[HN Gopher] KELM: Integrating Knowledge Graphs with Language Mod...
___________________________________________________________________
KELM: Integrating Knowledge Graphs with Language Model Pre-Training
Corpora
Author : theafh
Score : 66 points
Date : 2021-05-21 13:01 UTC (10 hours ago)
(HTM) web link (ai.googleblog.com)
(TXT) w3m dump (ai.googleblog.com)
| dexter89_kp3 wrote:
| Any links/resources to the opposite problem? i.e generating
| accurate knowledge graphs from corpora of documents?
|
| Google does have an experimental API, but have not found an
| associated blog post or paper with it:
| https://cloud.google.com/ai-workshop/experiments/generating-...
| cpdomina wrote:
| The field of Open Information Extraction has been trying to do
| that in a generic way for a long time, but the results are
| still far from good.
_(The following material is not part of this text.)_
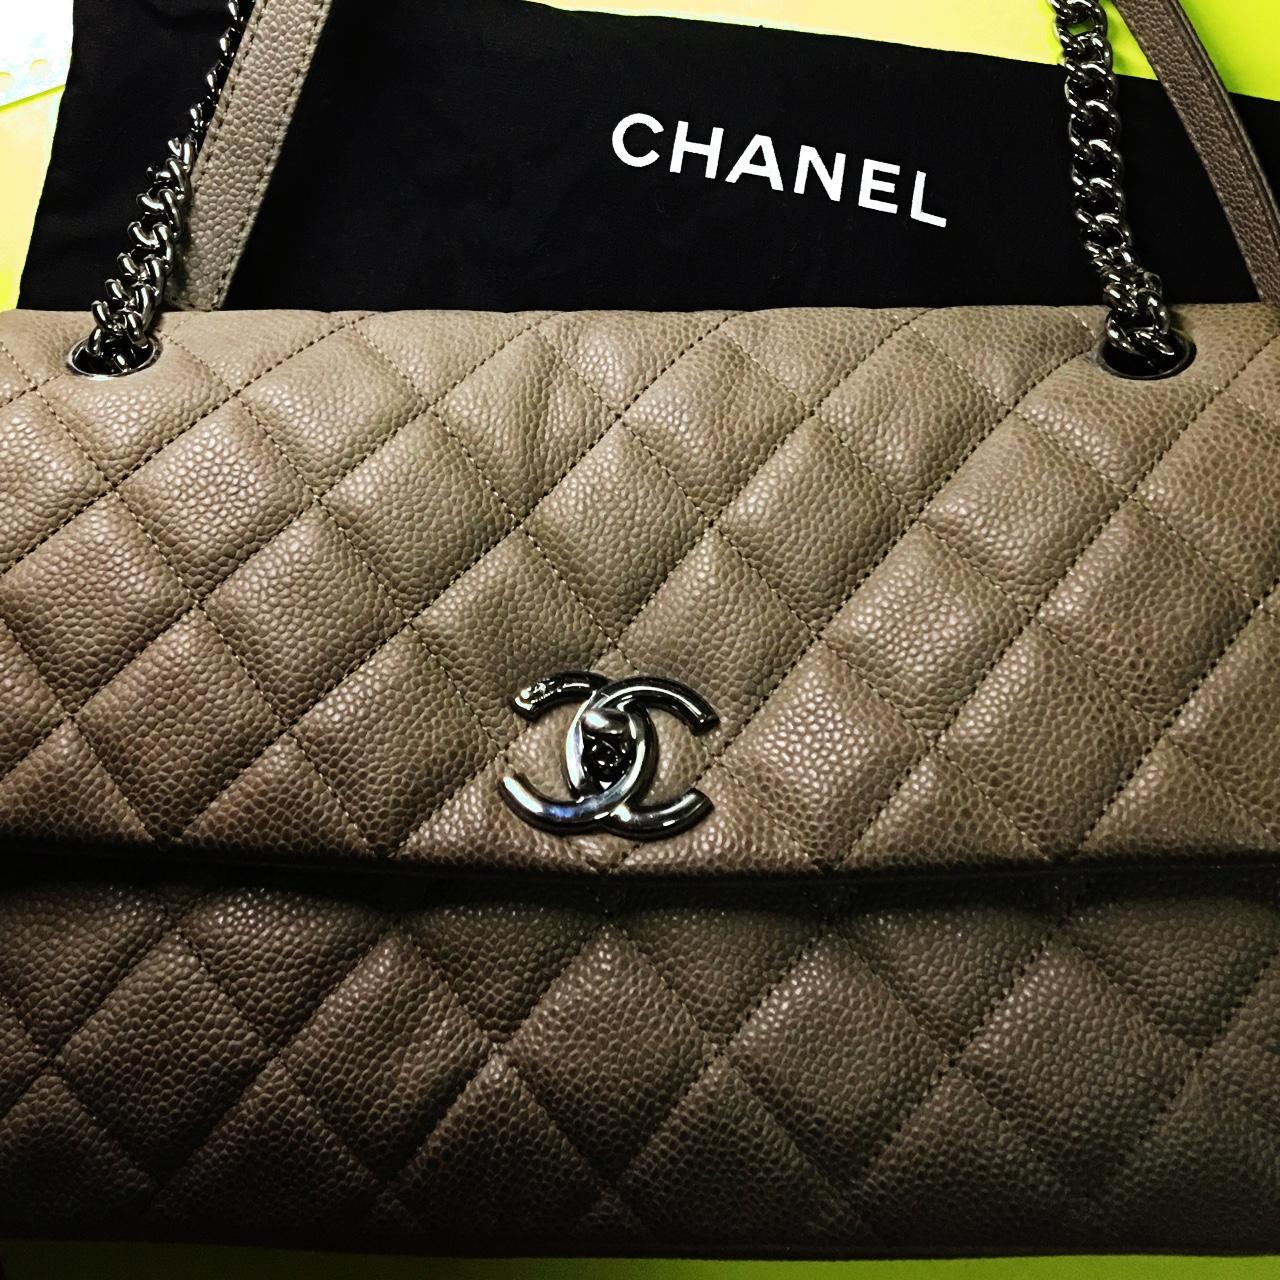 Chanel handbags in taupe colour. Good condition with - Depop
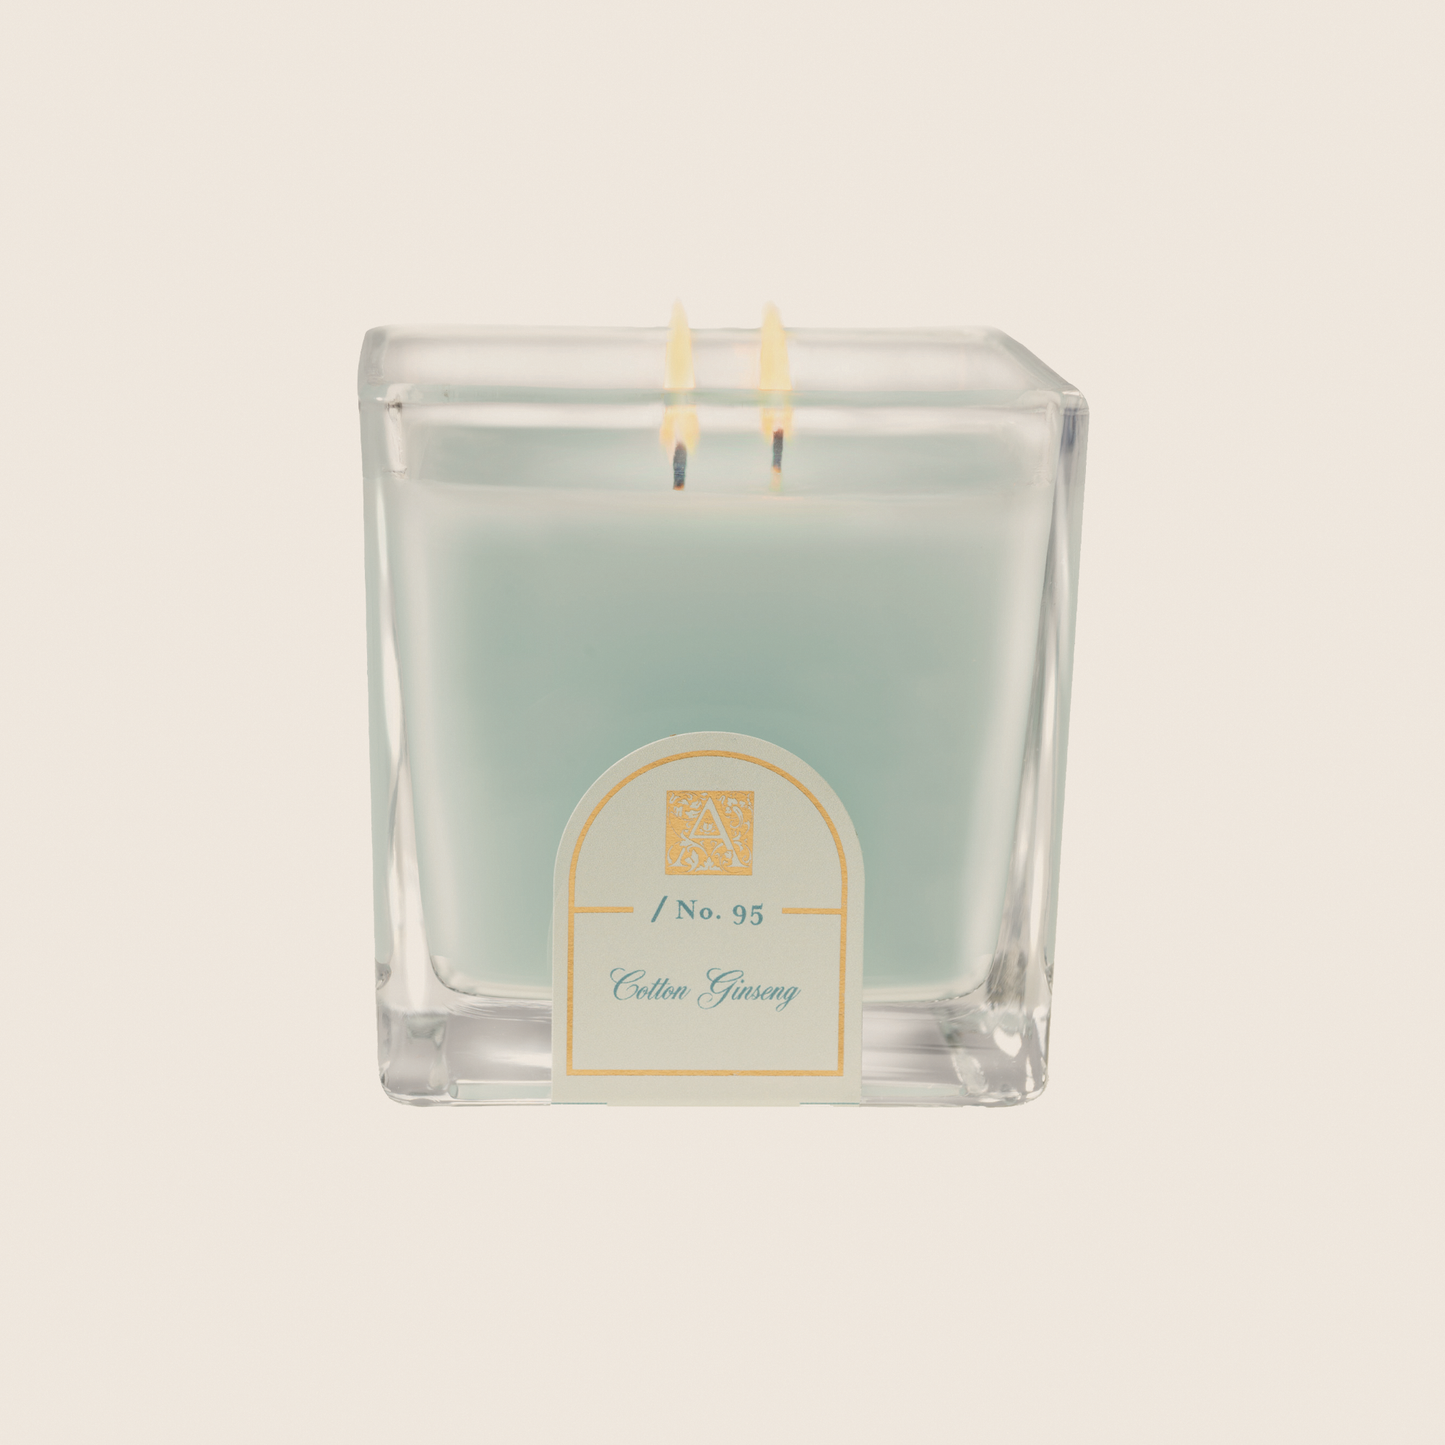 Cotton Ginseng - Cube Glass Candle

A few references: OpenIE [1] Graphene [2]
| MinIE [3].
|
| If you already have a Knowledge Graph (KG) and want to populate
| its instances from documents, that's called KG Population, and
| Knowledge-net [4] is a good reference.
|
| Relation Extraction is another interesting approach if you know
| which kind of relations you're interested in, OpenNRE [5] a
| good example.
|
| [1] https://github.com/dair-iitd/OpenIE-standalone
|
| [2] https://github.com/Lambda-3/Graphene
|
| [3] https://github.com/uma-pi1/minie
|
| [4] https://github.com/diffbot/knowledge-net
|
| [5] https://github.com/thunlp/OpenNRE
| MilStdJunkie wrote:
| I'm hip deep into this subject myself. I tried modding
| TiddlyMap and just now am checking out InfraNodus. When you dig
| into this, you find there's not a standard method because
| natural language is itself deeply non-standardized. To take one
| example, a procedure uses the same structure as a ordered list,
| but a procedure regards the sequence as representing a temporal
| structure, whereas the ordered list is just using sequence as
| providing a unique identifier - it doesn't even need numbers or
| precise intervals. You need NLP to chip out the subject-noun-
| verb from the ordered list items, or you need an element or
| role telling you what you are looking at.
|
| If someone way more smart than myself could chip in on the
| subject, that would be pretty dang awesome.
| PaulHoule wrote:
| Are they interested in using the generated text as the input to
| some other process? (e.g. training "convert text to knowledge
| graph?")
|
| You could do this kind of graph -> text translation with
| conventional template-based tools, in fact people do that all the
| time. You very much run into the stages of "pick out a subgraph
| of salient facts", materializing text. If you scale it up you'll
| discover it has "erroneous zones" and end up building filters
| that block dangerous (likely to be wrong) outputs.
| gradys wrote:
| It's easy to use templates to convert some given knowledge
| graph node or maybe subgraph into a paragraph that could maybe
| serve as a Wikipedia intro paragraph.
|
| It's much harder to generate answers to questions. This calls
| for jointly choosing what knowledge to use in the answer and
| synthesizing text that presents that knowledge in a way that
| actually answers the question. This work is about this more
| dynamic problem.
| mark_l_watson wrote:
| Looks interesting. I saw that training data is available, but
| didn't see any pre trained models, etc.
|
| We talked about trying to do this at my last job.
| softwaredoug wrote:
| > To that end, we leverage the publicly available English
| Wikidata KG and convert it into natural language text in order to
| create a synthetic corpus
|
| Wikimedia data is heavily depended on in the FAANG world for
| Google search, Siri, Alexa, etc... when Siri directly answers a
| factual question, I'd make a strong bet the answer ultimately
| comes from WikiDatas knowledge graph.
|
| I just hope these companies give as much back to Wikimedia and
| society as the value they extract.
___________________________________________________________________
(page generated 2021-05-21 23:01 UTC)